Genomic signatures of epigenetic pathways. A. Schematic representation of the process used to generate pathway signatures, first by virally transfecting human mammary epithelial cells and then isolating RNA for microarray analysis followed by the binary regression algorithm to generate the signature. B. Heatmaps for the epigenetic pathway signatures. In the heatmaps, each column is a sample, with GFP controls on the left, and each row is a probe. Red indicates increased expression and blue indicates low expression. C. External in silico signature validation. Publically available datasets generated by independent groups were used to validate the signatures.

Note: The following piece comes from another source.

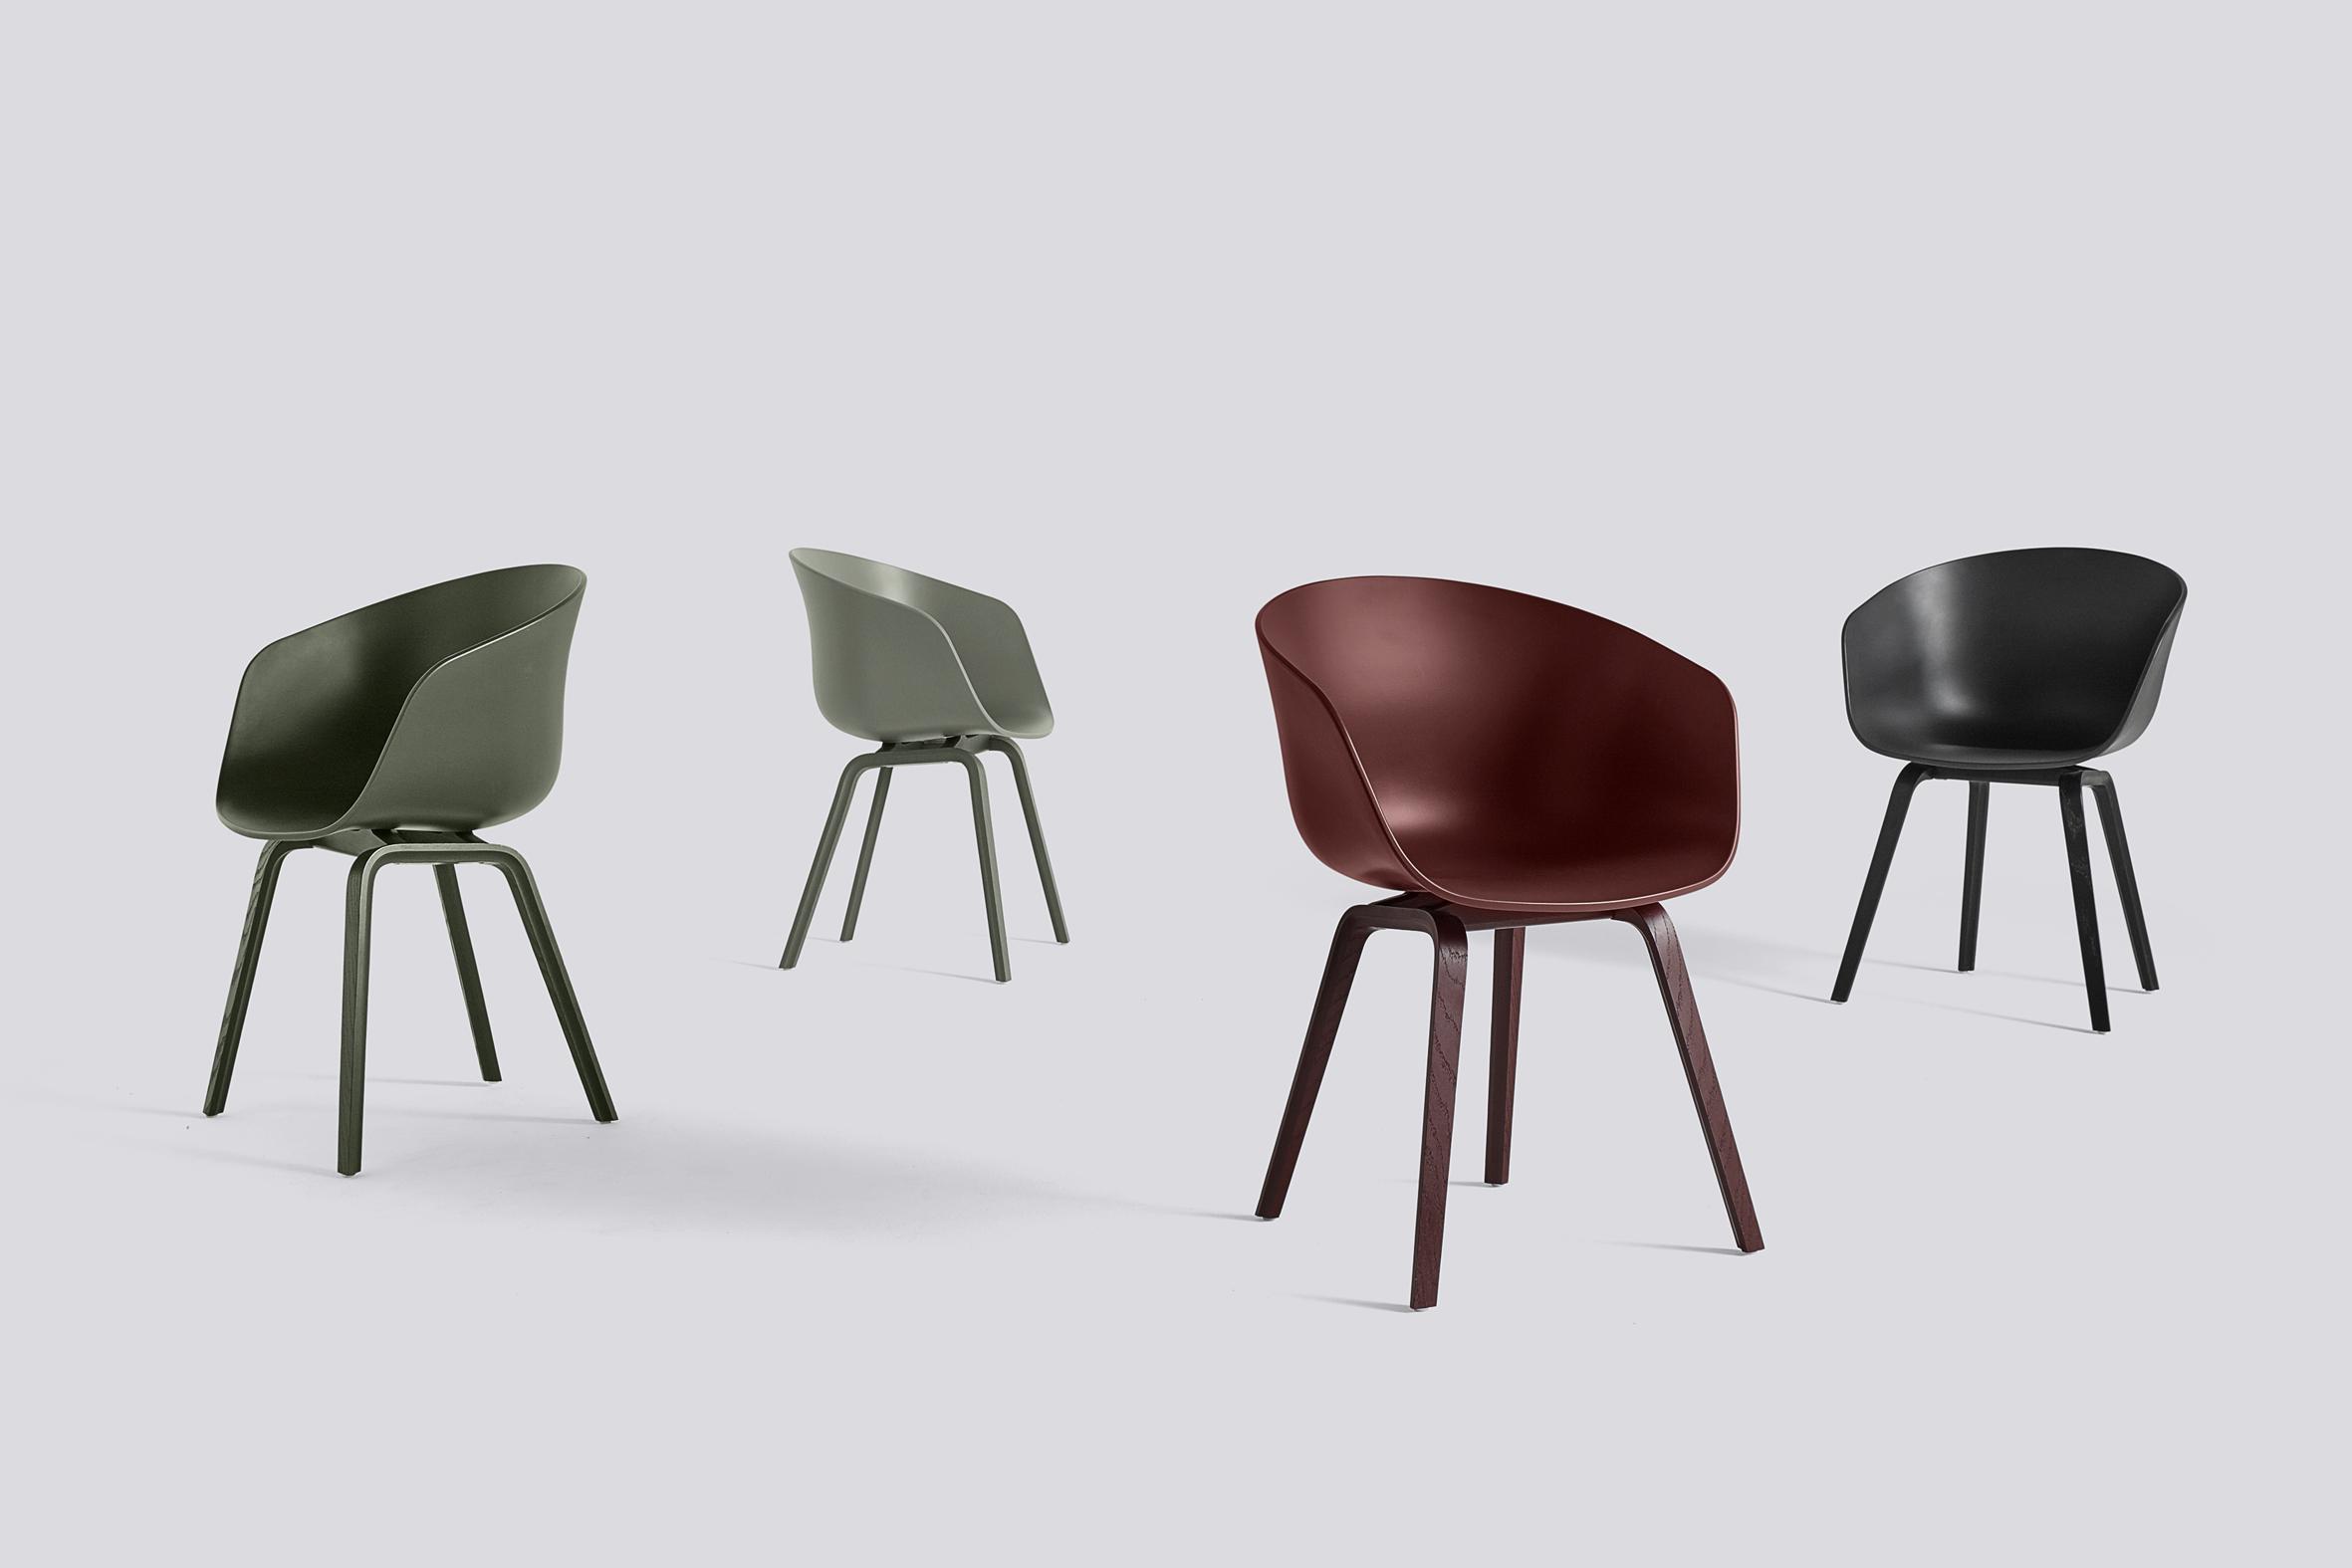 Hay About A Chair Aac22 Dusty Green Möbel Design Köln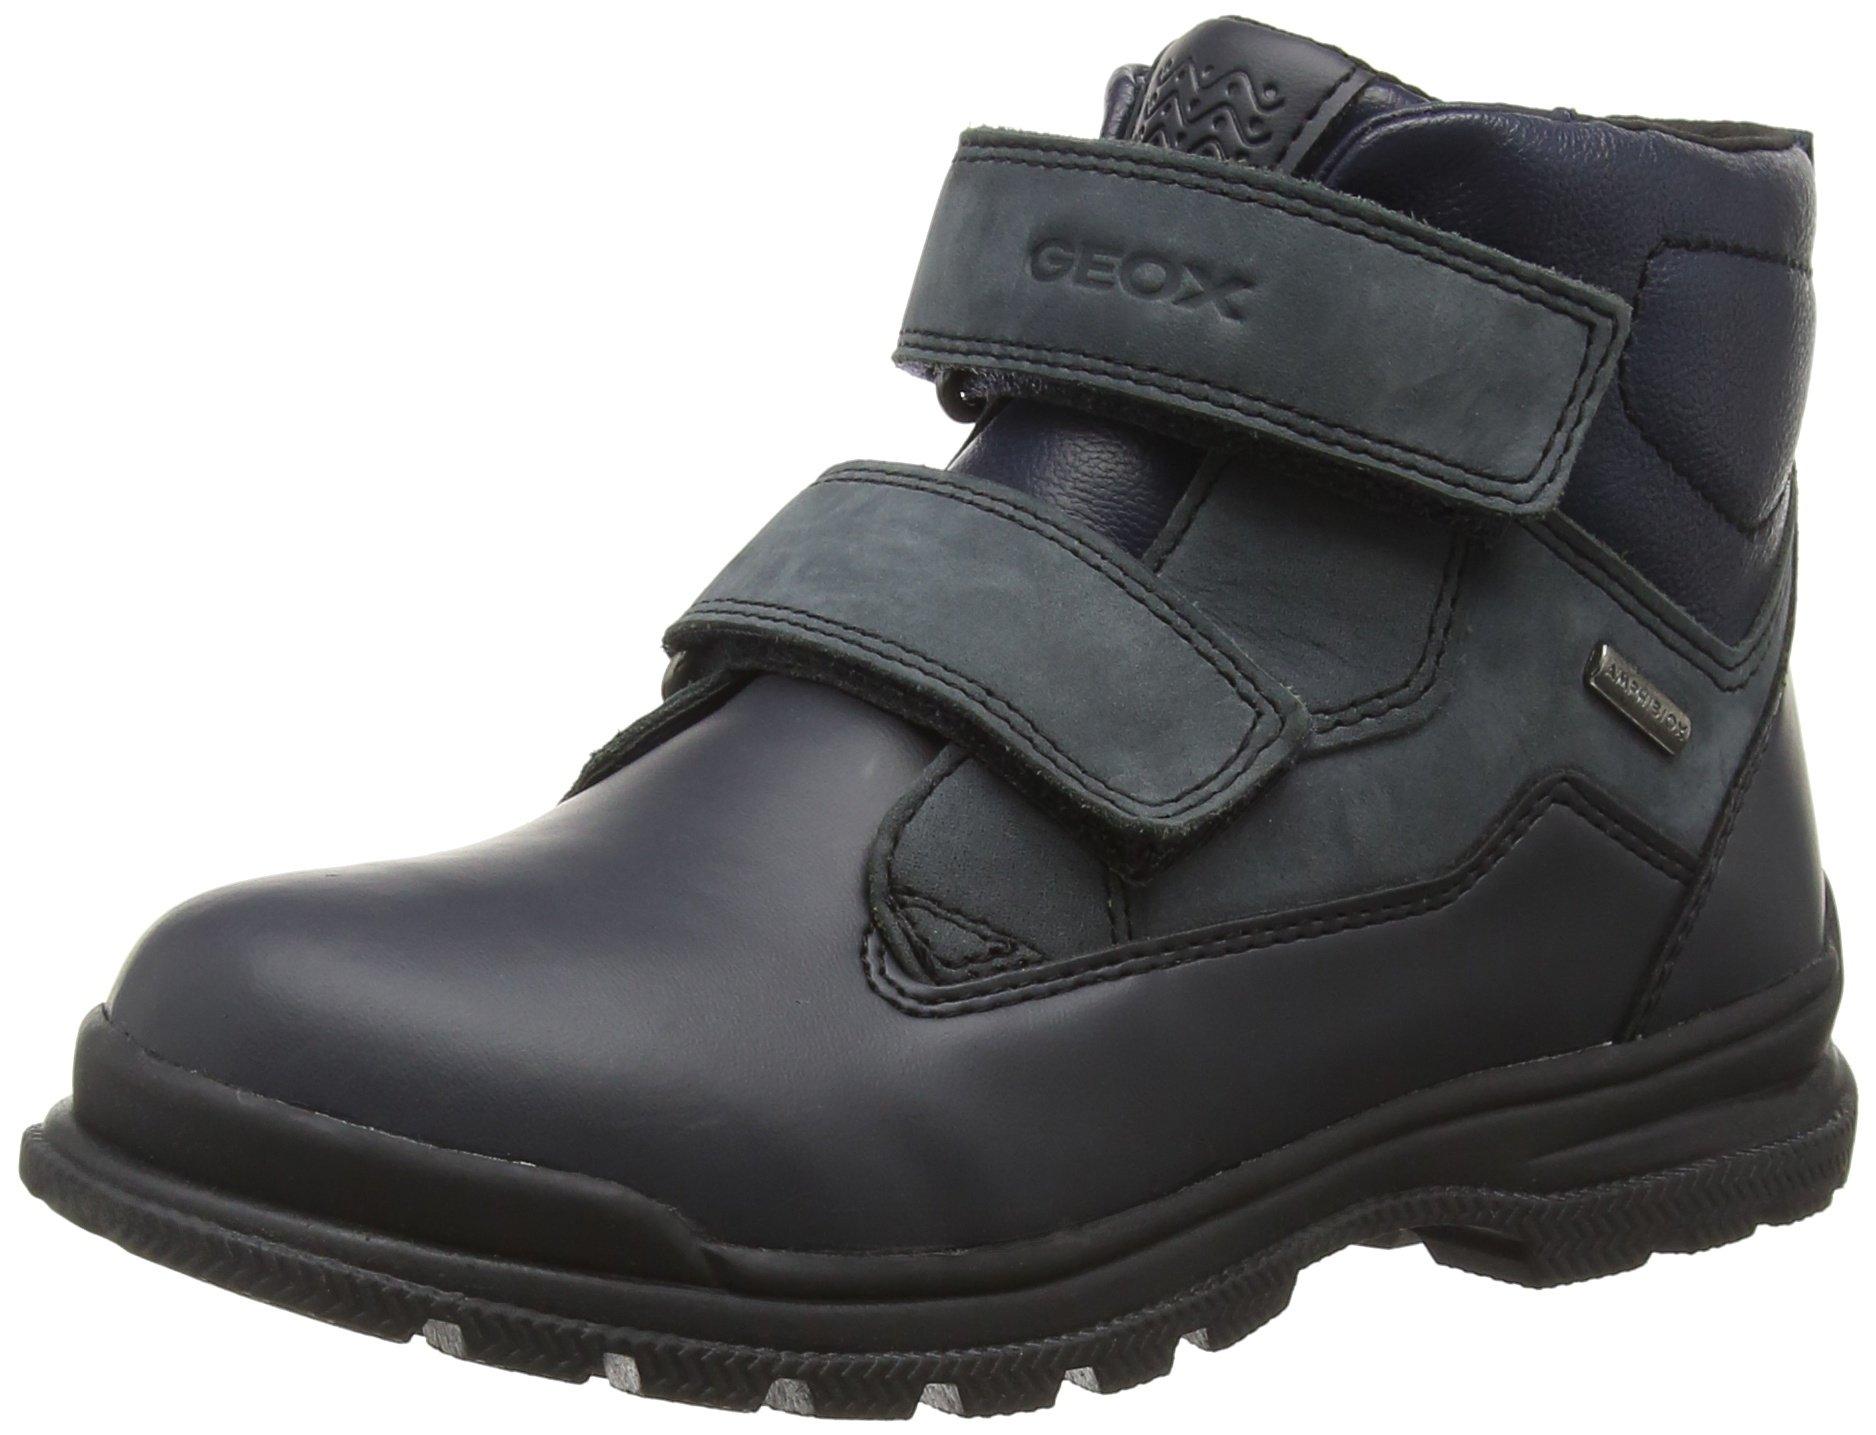 Geox Boys J William Waterproof Velcro Snow Boot Shoe, Navy/Blue, 28

In order to investigate epigenetic signaling pathways in cancer, we created a panel of gene expression signatures that model histone methylation (EZH2 signature), histone deacetylation by class 1 (HDAC1 signature), class 2 (HDAC4 signature), and class 3 (SIRT1 signature) histone deacetylases, and RNA methylation (DNMT2 signature). (Figure 1B) Internal validation by leave-one-out cross-validation ensures consistency and robustness of the signatures. External validation was carried out by applying the signatures to publically available datasets obtained from GEO and ArrayExpress (Figure 1C). The EZH2 signature was validated by showing significantly lower predicted EZH2 activity in four different datasets: 1) cells treated with the EZH2-depleting drug DZNep in GSE18150, 2) EZH2 siRNA knockdown from EM-EXP1581, 3) cells from EZH2-null mice in GSE20054, and 4) fibroblasts from EZH2-deficient mice from GSE23659. The last three are shown in Additional file 4: Figure S2. The HDAC1 signature was validated by showing significantly lower predicted HDAC1 activity in cells with HDAC1 siRNA knockdown in GSE12438. The HDAC4 signature was validated by showing significantly increased HDAC4 activity in cells treated with interferon gamma, a known upstream activator of HDAC4, in GSE3920. The SIRT1 signature was validated by showing significantly increased predicted SIRT1 activity in cells treated with resveretrol, a known SIRT1 activator, in GSE9008. The DNMT2 signature was validated by showing it predicted lower DNMT2 activity in cells from GSE14315 treated with azacytidine, a hypomethylating agent. Gene lists for each signature are given in Additional file 5: Table S2. As an additional negative control we tested the relationship between predicted pathway activity and proliferation; none of the signatures correlated with gene proliferation in breast cancer cell lines (Additional file 6: Figure S3).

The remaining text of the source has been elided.